Two shadows flanked Roland, long in the first light. Judging by the bulk of the one on his left, he guessed it was being thrown by Sheriff Avery. He probably wouldn’t be offering them any white tea this day. Lengyll would belong to the other shadow.
“Hurry up, Dearborn, or whatever yer name may be. Get em behind ye. Small of yer back. There’s guns pointed at your pards, and if we end up taking in only two of yer instead of three, life’ll go on.”
Not taking any chances with us, Roland thought, and felt a moment of perverse pride. With it came a taste of something that was almost amusement. Bitter, though; that taste continued very bitter.
“Roland!” It was Cuthbert, and there was agony in his voice. “Roland, don’t!”
But there was no choice.
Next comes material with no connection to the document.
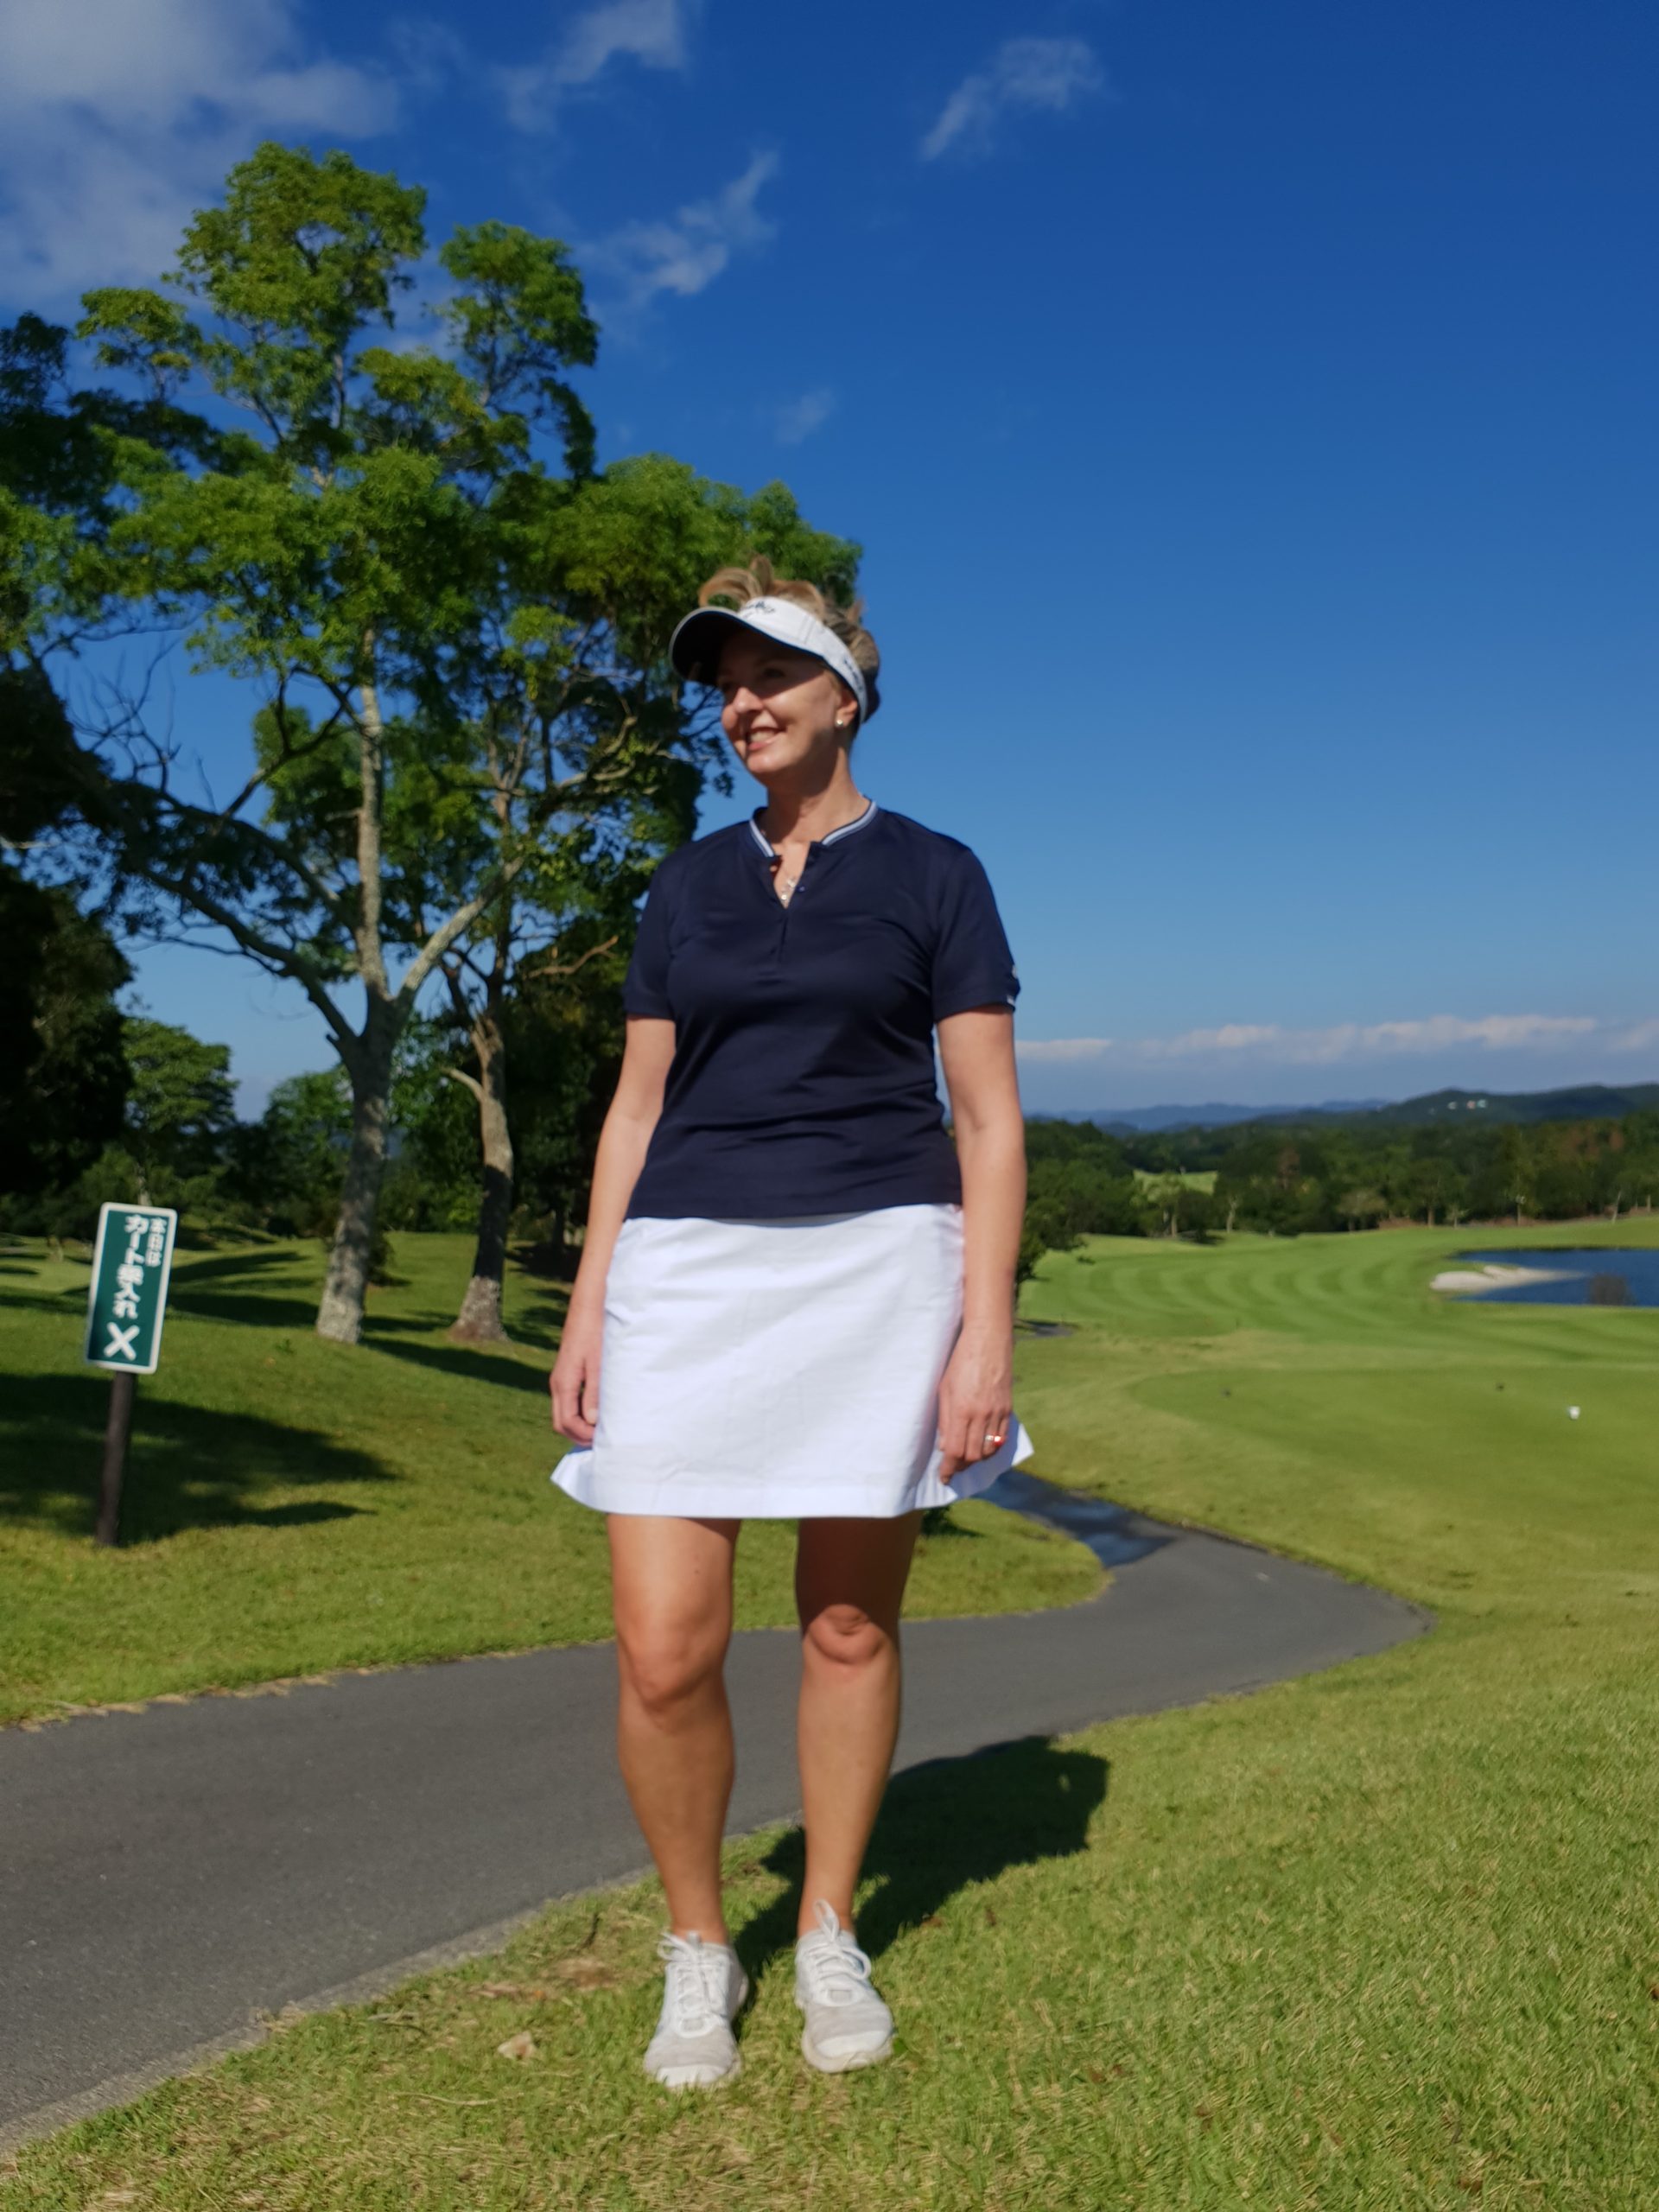 winter golf outfit apparel ladies – Golf Club Guru
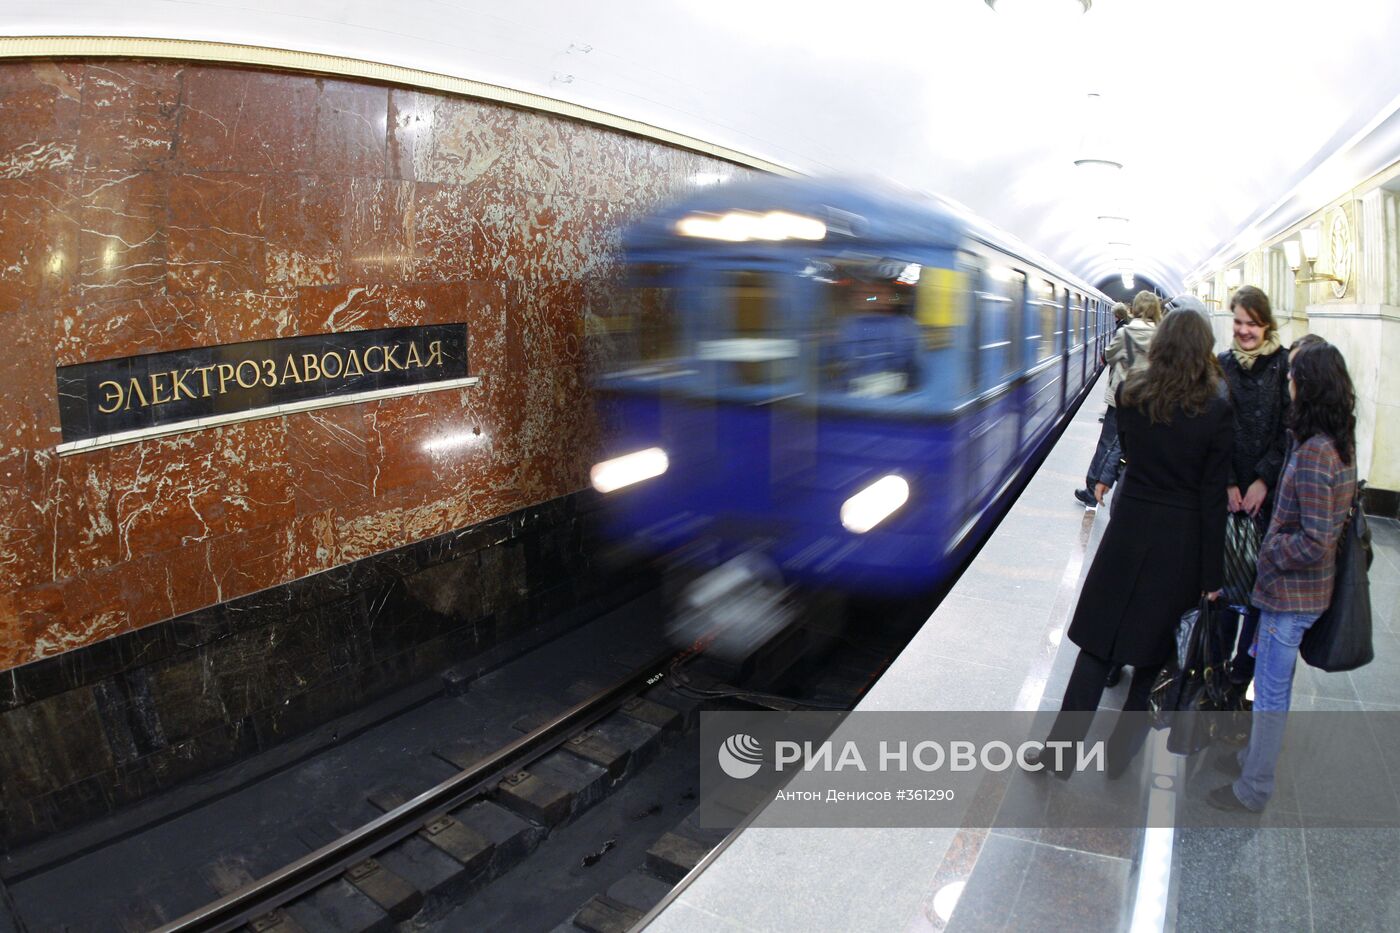 Станция метро "Электрозаводская" открыта после ремонта

Roland put his hands behind his back. Rusher uttered a small, reproving whinny—as if to say all this was highly improper—and trotted away to stand beside the bunkhouse porch.
“You’re going to feel metal on your wrists,” Lengyll said.
“Esposas.”
Two cold circles slipped over Roland’s hands. There was a click and suddenly the arcs of the handcuffs were tight against his wrists.
“All right,” said another voice. “Now you, son.”
“Be damned if I will!” Cuthbert’s voice wavered on the edge of hysteria.
There was a thud and a muffled cry of pain. Roland turned around and saw Alain down on one knee, the heel of his left hand pressed against his forehead. Blood ran down his face.